Multiple myeloma is a cancer that develops in bone marrow plasma cells, crowding out healthy blood cells and damaging the bones. It is one of the most common blood cancers — and the most diagnosed among African Americans. The mortality rate from multiple myeloma also is higher among African American patients than white people, with a number of studies showing that, in addition to disease biology, societal factors such as socioeconomic status and lack of access to health insurance or medical services delay timely diagnoses.

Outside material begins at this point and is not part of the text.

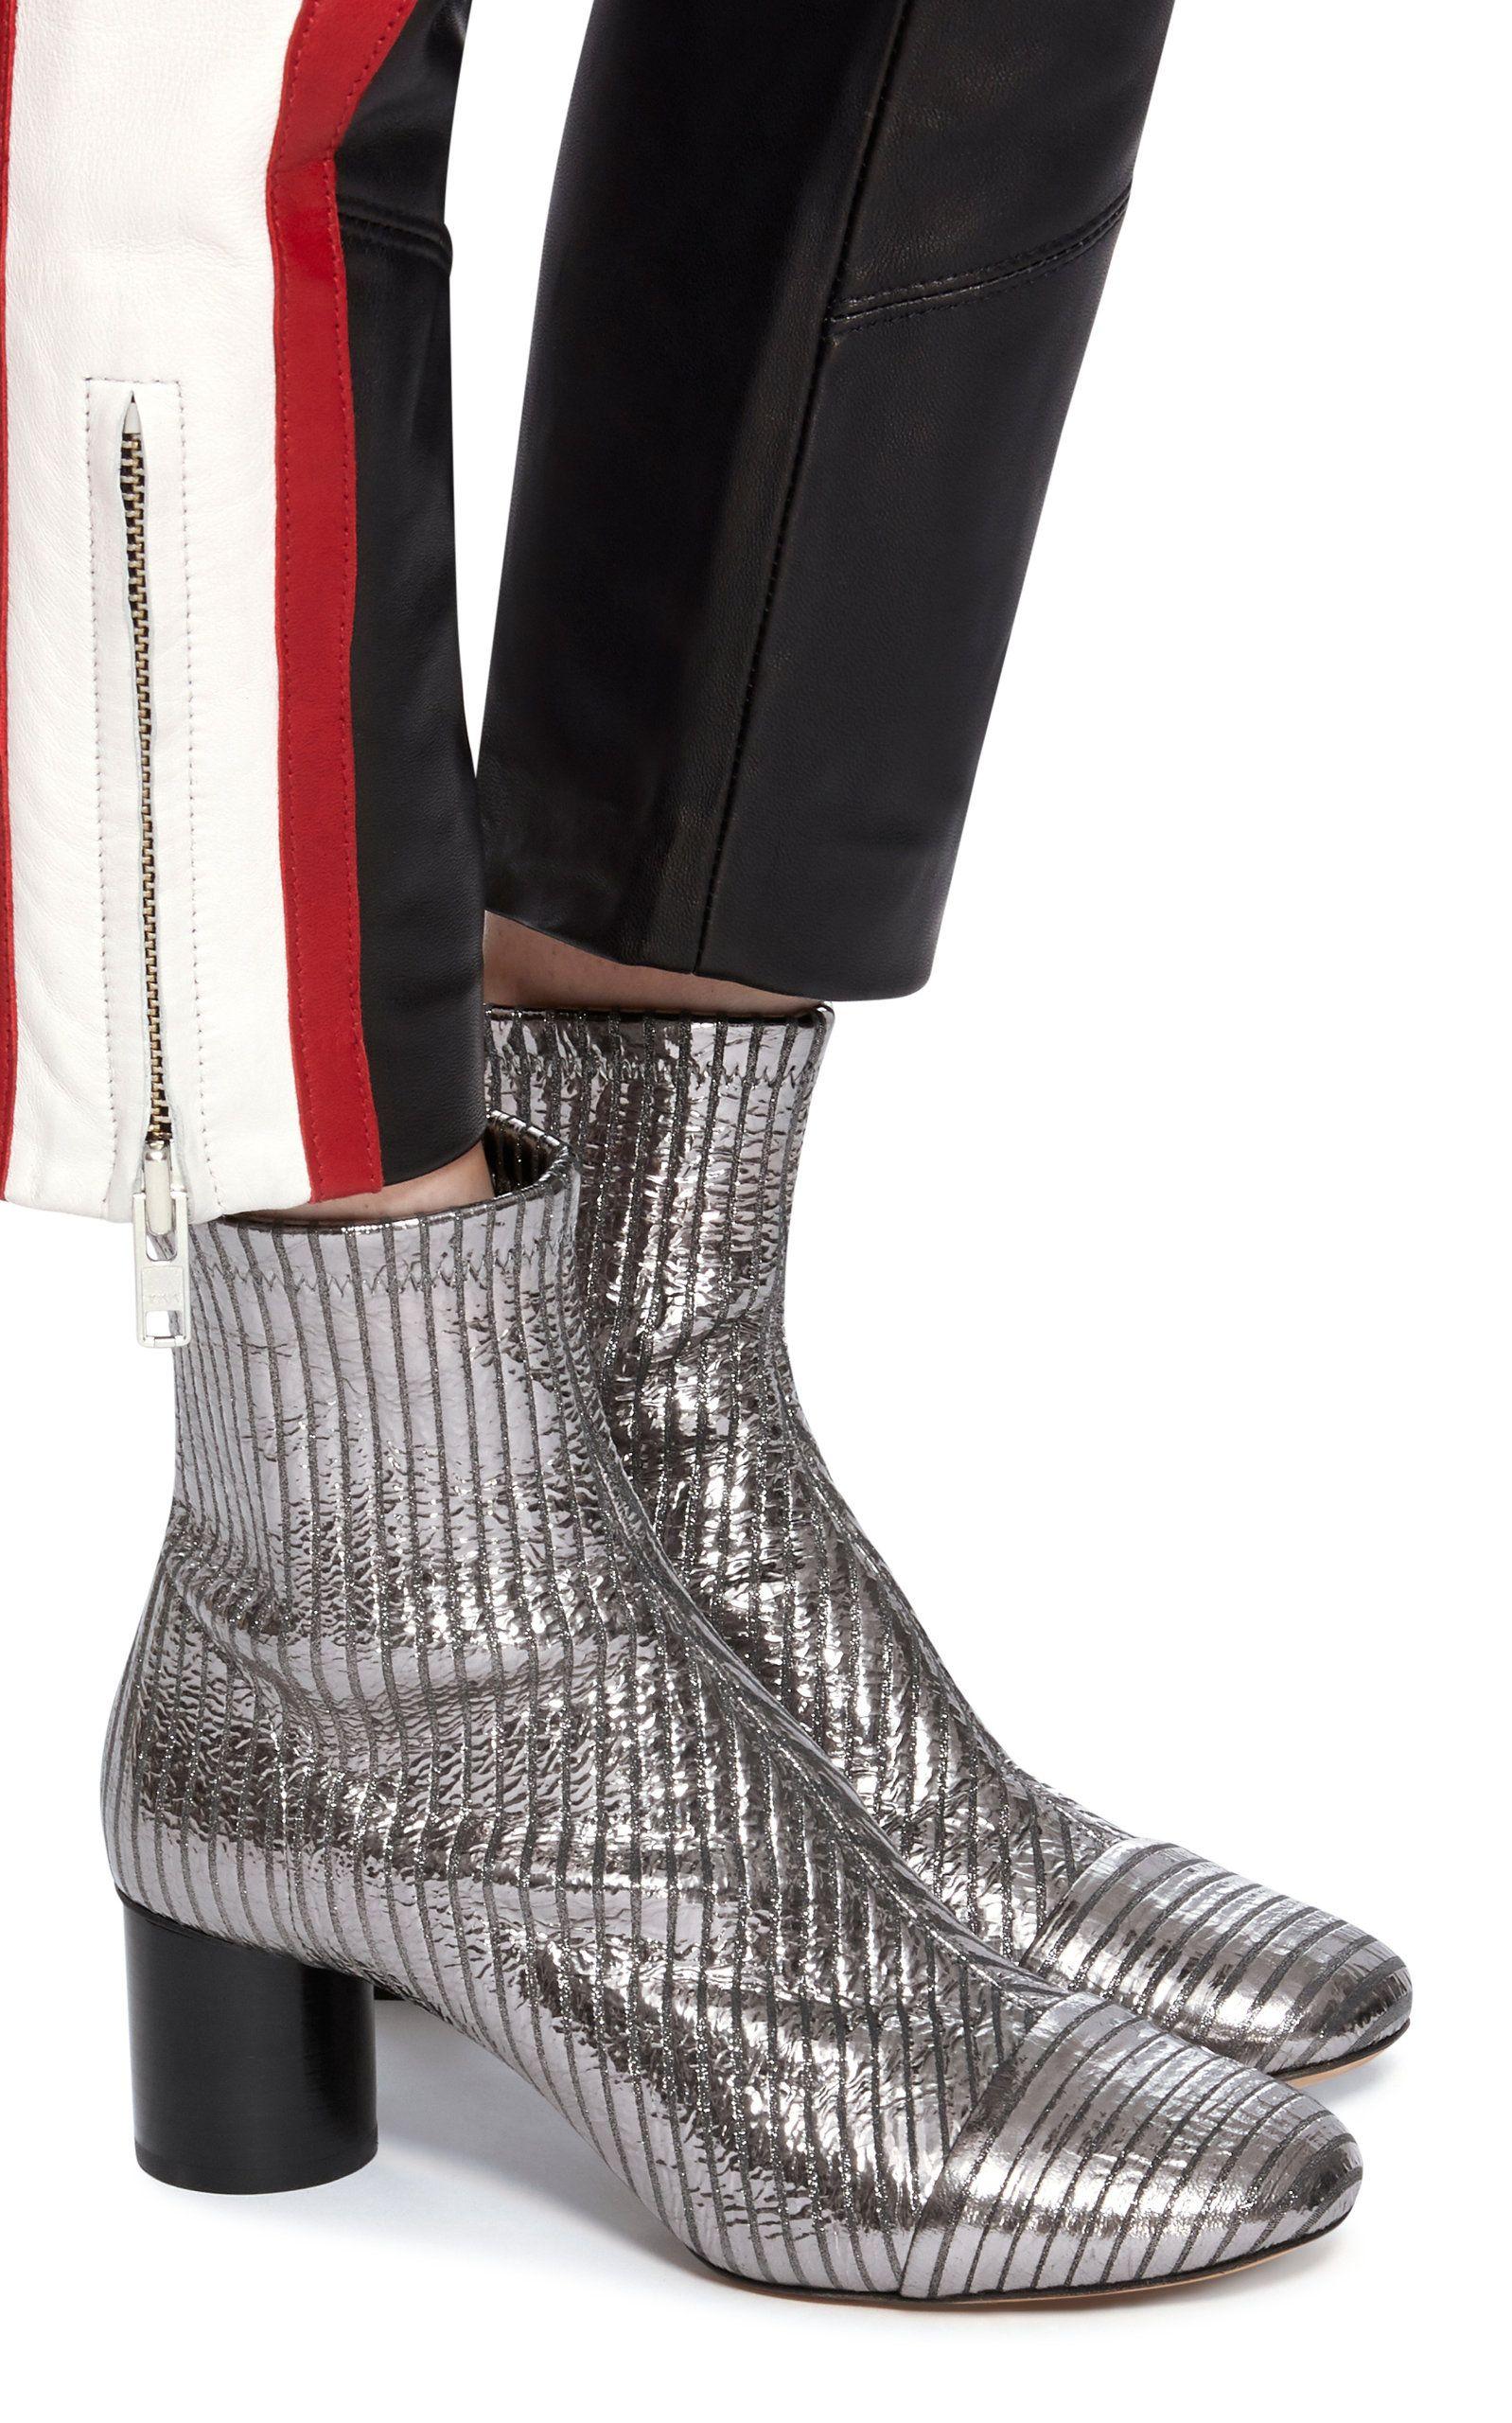 f6f5e3f28ca Isabel Marant Datsy Metallic Leather Ankle Boots Leather Ankle Boots, Metallic  Leather, Isabel Marant

A belated diagnosis is what happened to Hunter, a Black woman in Montgomery, Alabama. She said her primary care doctor dismissed a recommendation from her endocrinologist to refer her to a hematologist after finding high protein counts in her blood. Then, she said, he also refused to order a bone marrow biopsy after the ER doctor suggested she might have multiple myeloma. Fed up, she said, she found a new doctor, got tested, and learned she indeed had the disease.
Monique Hartley-Brown, a multiple myeloma researcher at the Dana-Farber Cancer Institute in Boston, said Hunter’s experience is fairly common, particularly among Black patients who live in underserved communities.
“On average, patients see their primary doctor three times before being accurately diagnosed,” Hartley-Brown said. “The delay from symptom onset to diagnosis is even longer for Black Americans. Meanwhile, the disease is wreaking havoc — causing fractures, severe anemia, fatigue, weight loss, kidney problems.”
Black and Hispanic patients are also less likely to receive the newest therapies, according to the Multiple Myeloma Research Foundation, and, when they do, they are more likely to do so later in the course of their disease than white patients. An analysis published in 2022 of racial and ethnic disparities in multiple myeloma drug approval trials submitted to the FDA concluded that Black patients made up only 4% of participants despite being roughly 20% of those living with the disease.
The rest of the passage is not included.